After 64 uplink messages the node forced an ADR request which was sent through the TTIG and successfully processed. I can see in the logs that the Node switched to SF7.
After the next 64 uplink messages the node again forced an ADR request which was sent by TTN but never received on the node and thus TTN repeated the ADR until I woke up in the morning.
Now it gets pretty strange and I’m happy for any idea that could shed some light on this.
The following log of the TTIG shows a dummy message I sent yesterday to check if downlink works:
Uplink: 407E2301268003000117E557EABB56F570042D
Dowlink: 607E2301268501000341FF0001BBF92DB0390B
2019-12-04 18:31:27.052 [any:INFO] HW pipe: PowerFolder node: [1337]-[F7DQCVTLdrGprAbCfys1]
2019-12-04 18:31:33.444 [SYN:INFO] MCU/SX1301 drift stats: min: 0.0ppm q50: 1.9ppm q80: 2.9ppm max: 3.3ppm - threshold q90: 2.9ppm
2019-12-04 18:31:33.449 [SYN:INFO] Avg MCU drift vs SX1301#0: 1.0ppm
2019-12-04 18:31:42.590 [S2E:VERB] RX 868.3MHz DR2 SF10/BW125 snr=10.5 rssi=-10 xtime=0x7F0000394564DC - updf mhdr=40 DevAddr=2601237E FCtrl=80 FCnt=3 FOpts= 0117E557…BB56 mic=755265781 (19 bytes)

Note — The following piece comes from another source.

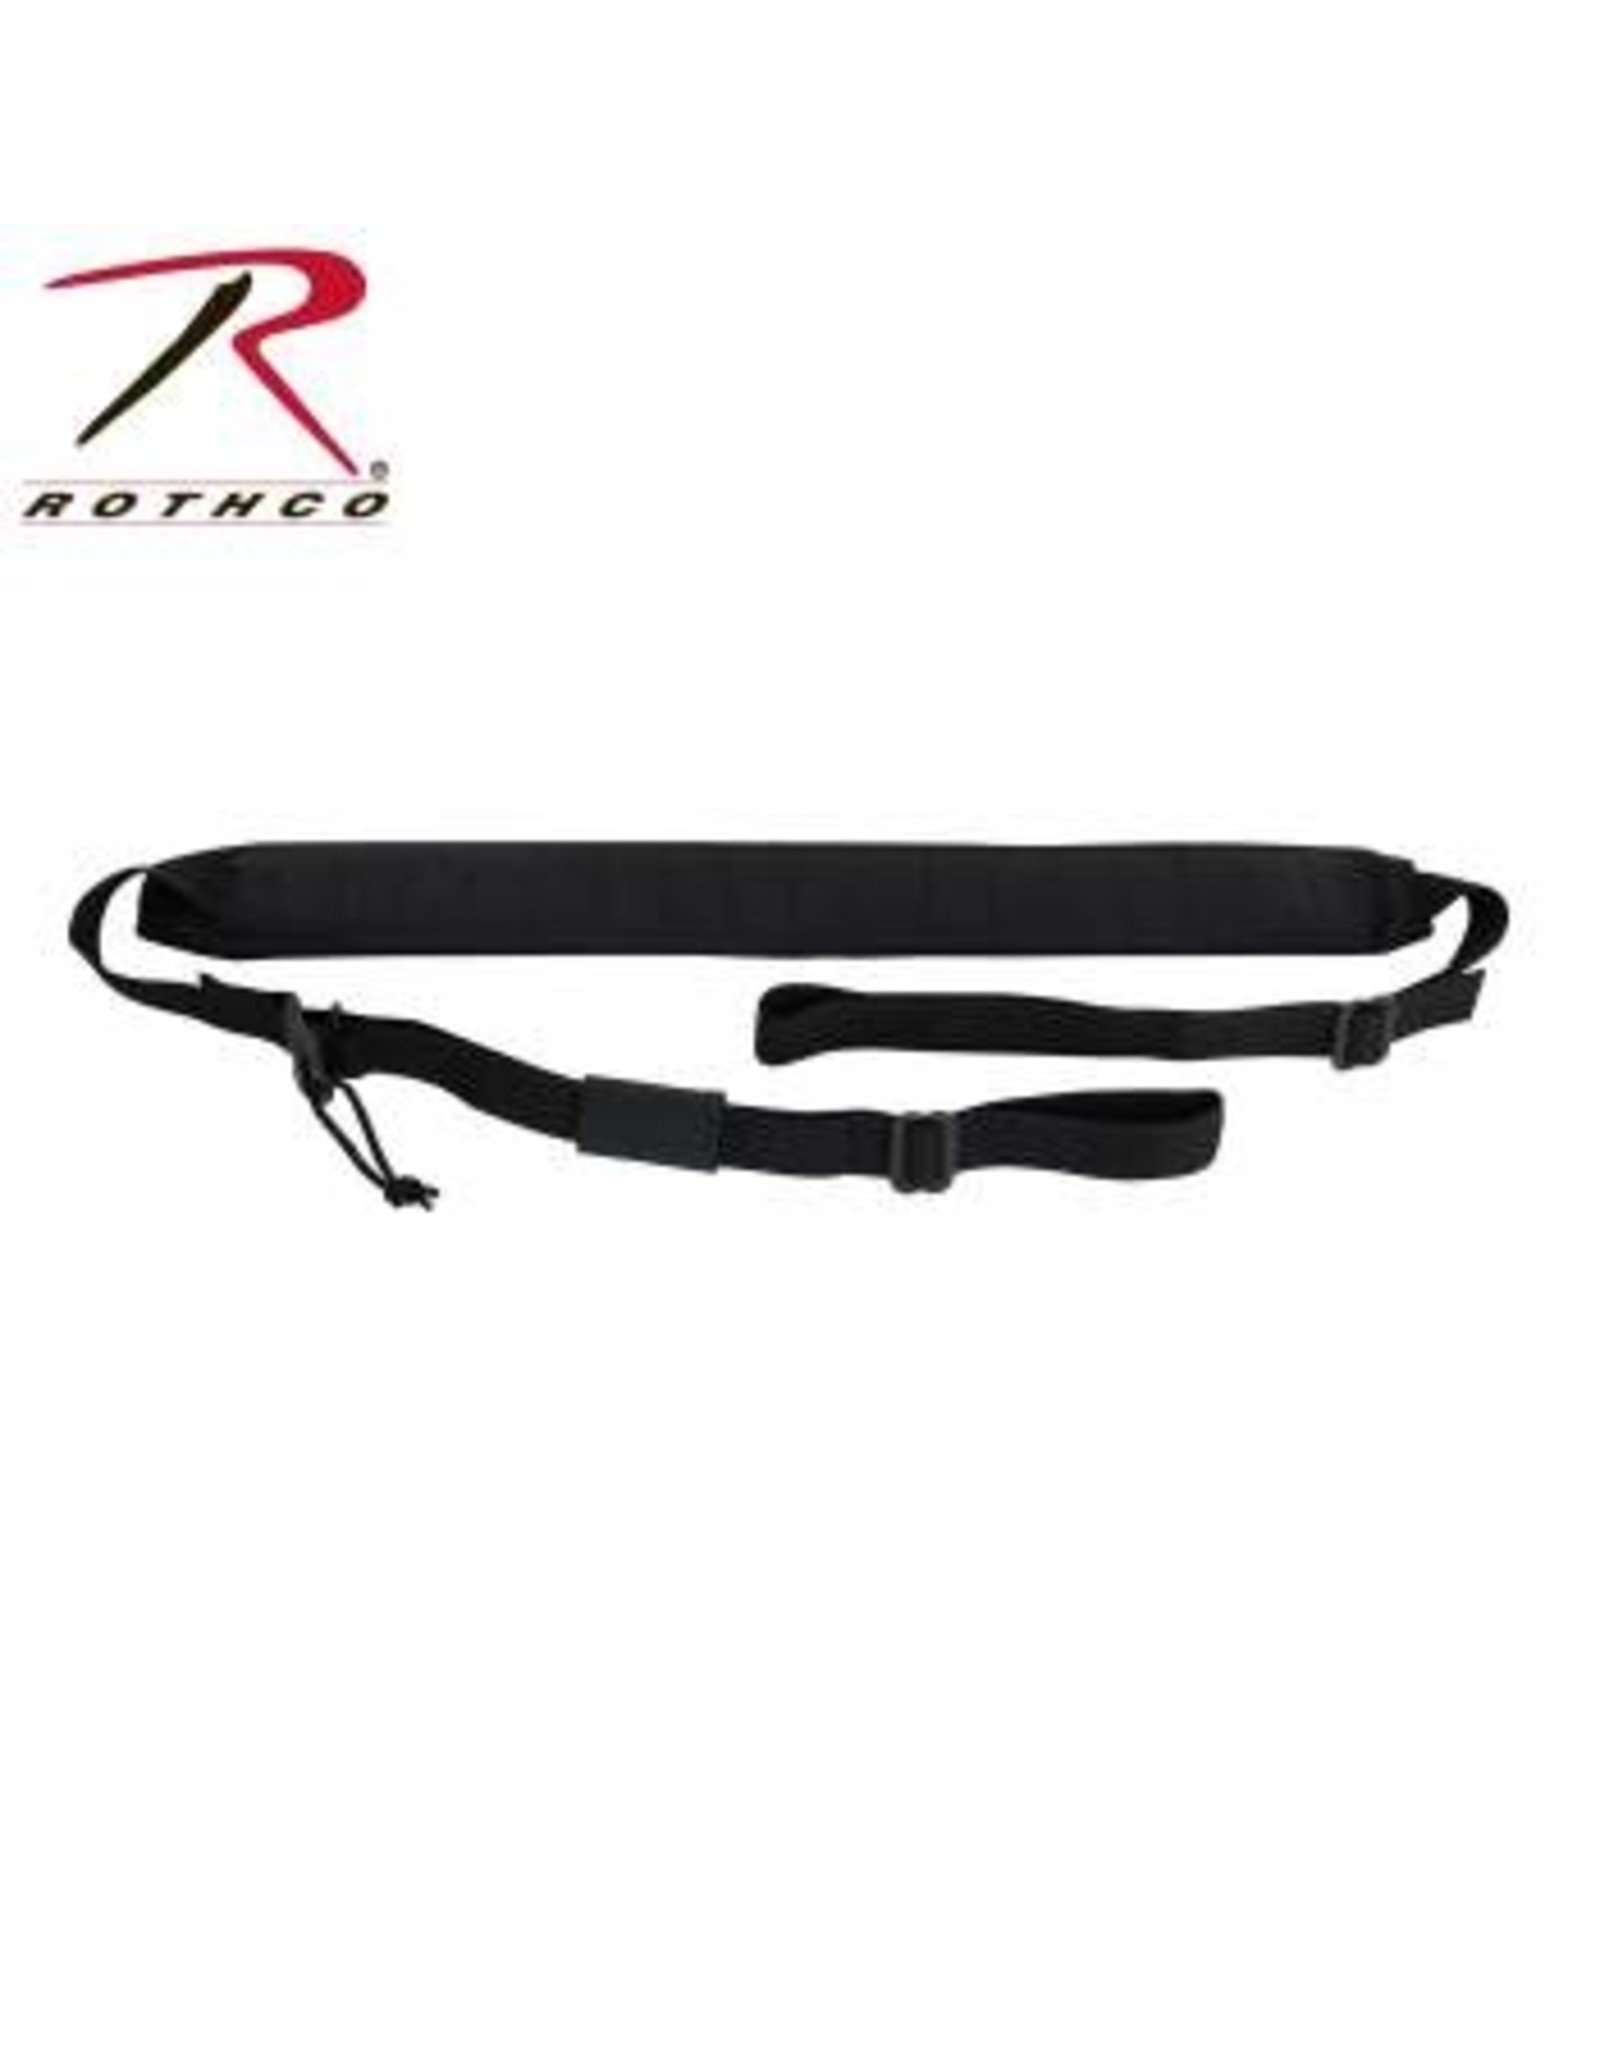 ROTHCO LASER CUT MOLLE 2-POINT PADDED RIFLE SLING

2019-12-04 18:31:43.855 [S2E:DEBU] ::0 diid=6678 [ant#0] - next TX start ahead by 716ms365us
2019-12-04 18:31:44.562 [S2E:VERB] ::0 diid=6678 [ant#0] - starting TX in 19ms903us
2019-12-04 18:31:44.577 [S2E:INFO] TX ::0 diid=6678 [ant#0] - dntxed: 869.525MHz 27.0dBm ant#0(0) DR3 SF9/BW125 frame=607E2301268501000341FF00…2DB0390B
2019-12-04 18:31:44.736 [S2E:DEBU] Tx done diid=6678
The log looks sane and the message was received.
This morning I check what happened with the repeated ADR request downlinks that are not received anymore:
Uplink: 407E23012680A00001956AC0556A50E43CFAAC
Downlink: 607E2301268531000355070001E3CC1762
2019-12-05 07:48:19.726 [SYN:VERB] Time sync rejected: quality=1070 threshold=1059
2019-12-05 07:48:23.932 [SYN:INFO] Time sync qualities: min=1049 q90=1069 max=1445 (previous q90=1059)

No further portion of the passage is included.